When Anglo-American settlers first arrived in the vicinity of Nashville, Tennessee in the late 1700s, they were astonished to find the landscape filled with vestiges of a dense human occupation. It seemed that almost everywhere they dug along the Cumberland and Harpeth Rivers, they encountered stone box graves, town sites, mounds, realistic ceramic statues or fine pottery. There are literally thousands of stone box graves in the Cumberland River Valley.

Until 1763 all of Tennessee had been claimed by France. Before that date, Middle and Western Tennessee had been a terra incognito for Great Britain. In fact, little was known about central Tennessee until the first Anglo-America settlers arrived there in the 1780s. The Chickasaws were the last permanent inhabitants. Some Shawnees may have also lived along the northern sections of the Cumberland River in present day Kentucky during the period of French colonialism.

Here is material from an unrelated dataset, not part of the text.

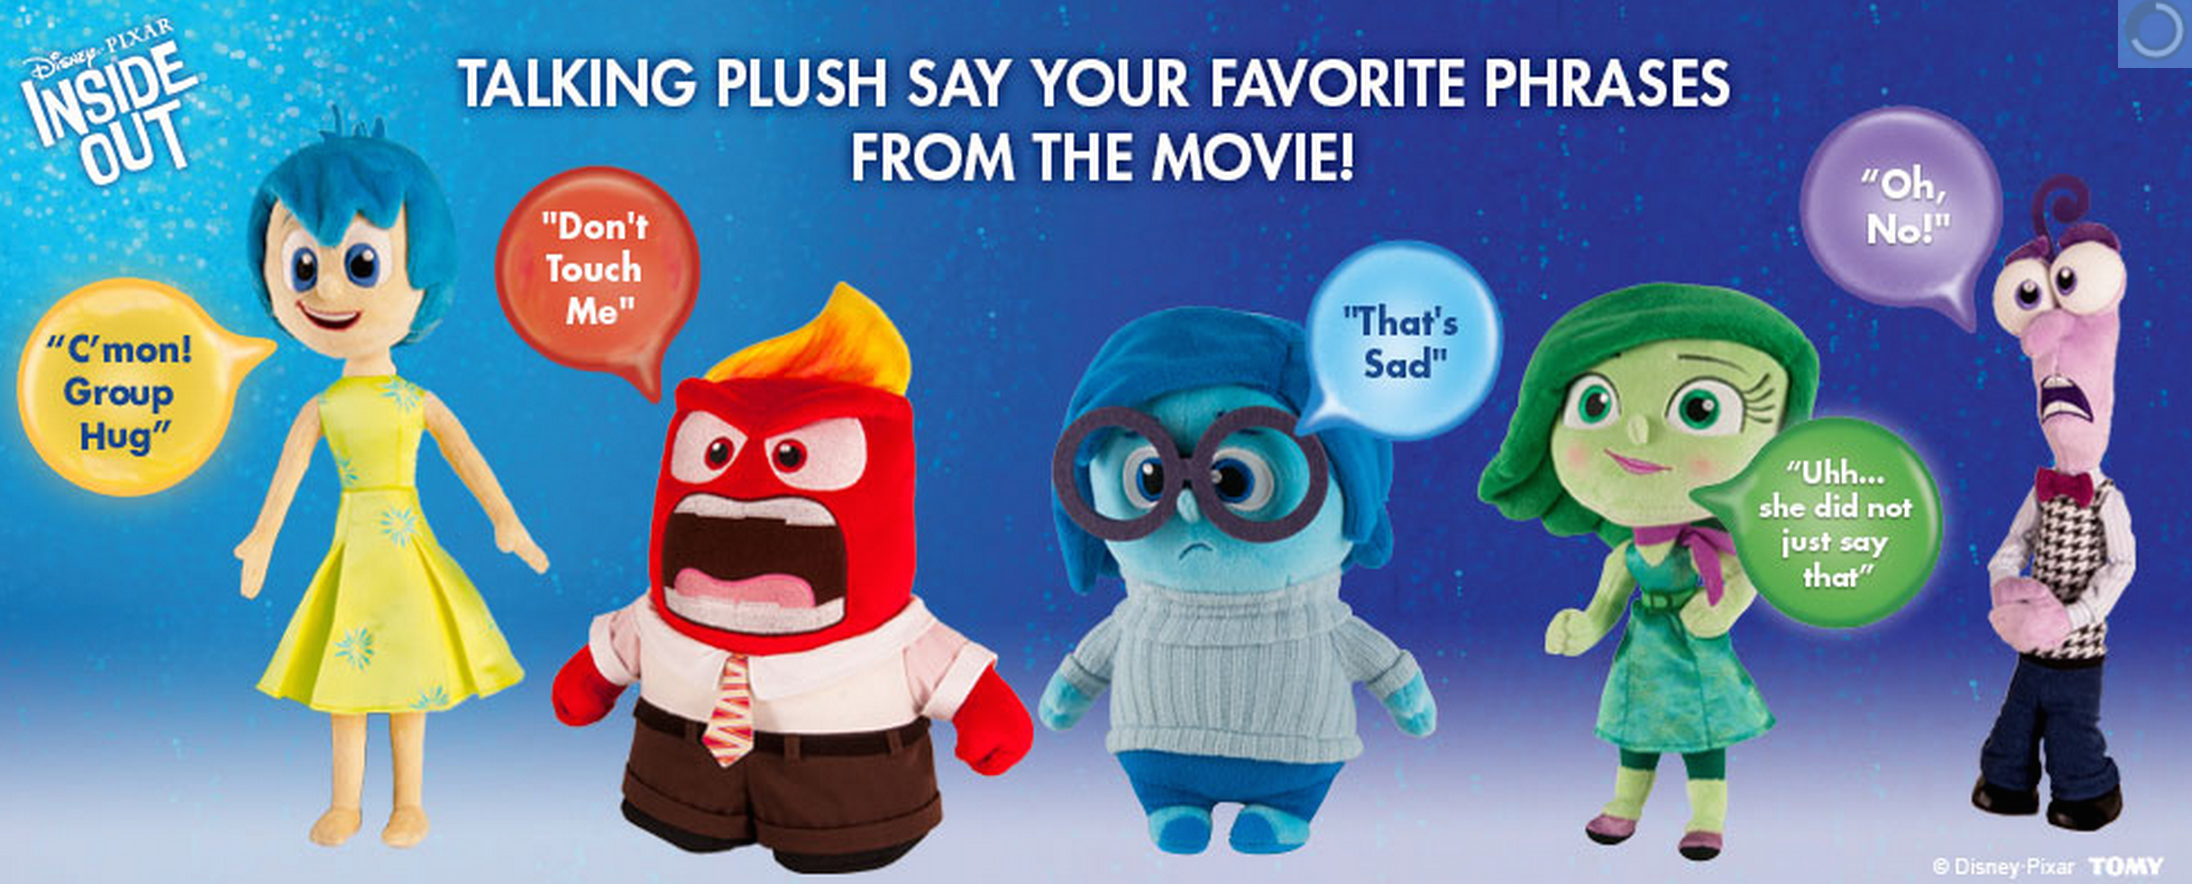 inside out plush characters

Tennessee volunteers played the leading military role in both the Chickamauga War and later Creek Redstick War. Nashville’s citizens particularly hated the Upper Creeks. During the Chickamauga War, an Upper Creek army had almost captured Nashville. The Upper Creeks claimed that the whites on the Cumberland River were squatters on their ancestral lands. In the eastern part of Tennessee there was considerable bitterness toward the Chickamauga Cherokees because of numerous massacres of families traveling on isolated roads. Many Tennessee men were also involved with military campaigns against Native tribes living along the Ohio River such as the Shawnee.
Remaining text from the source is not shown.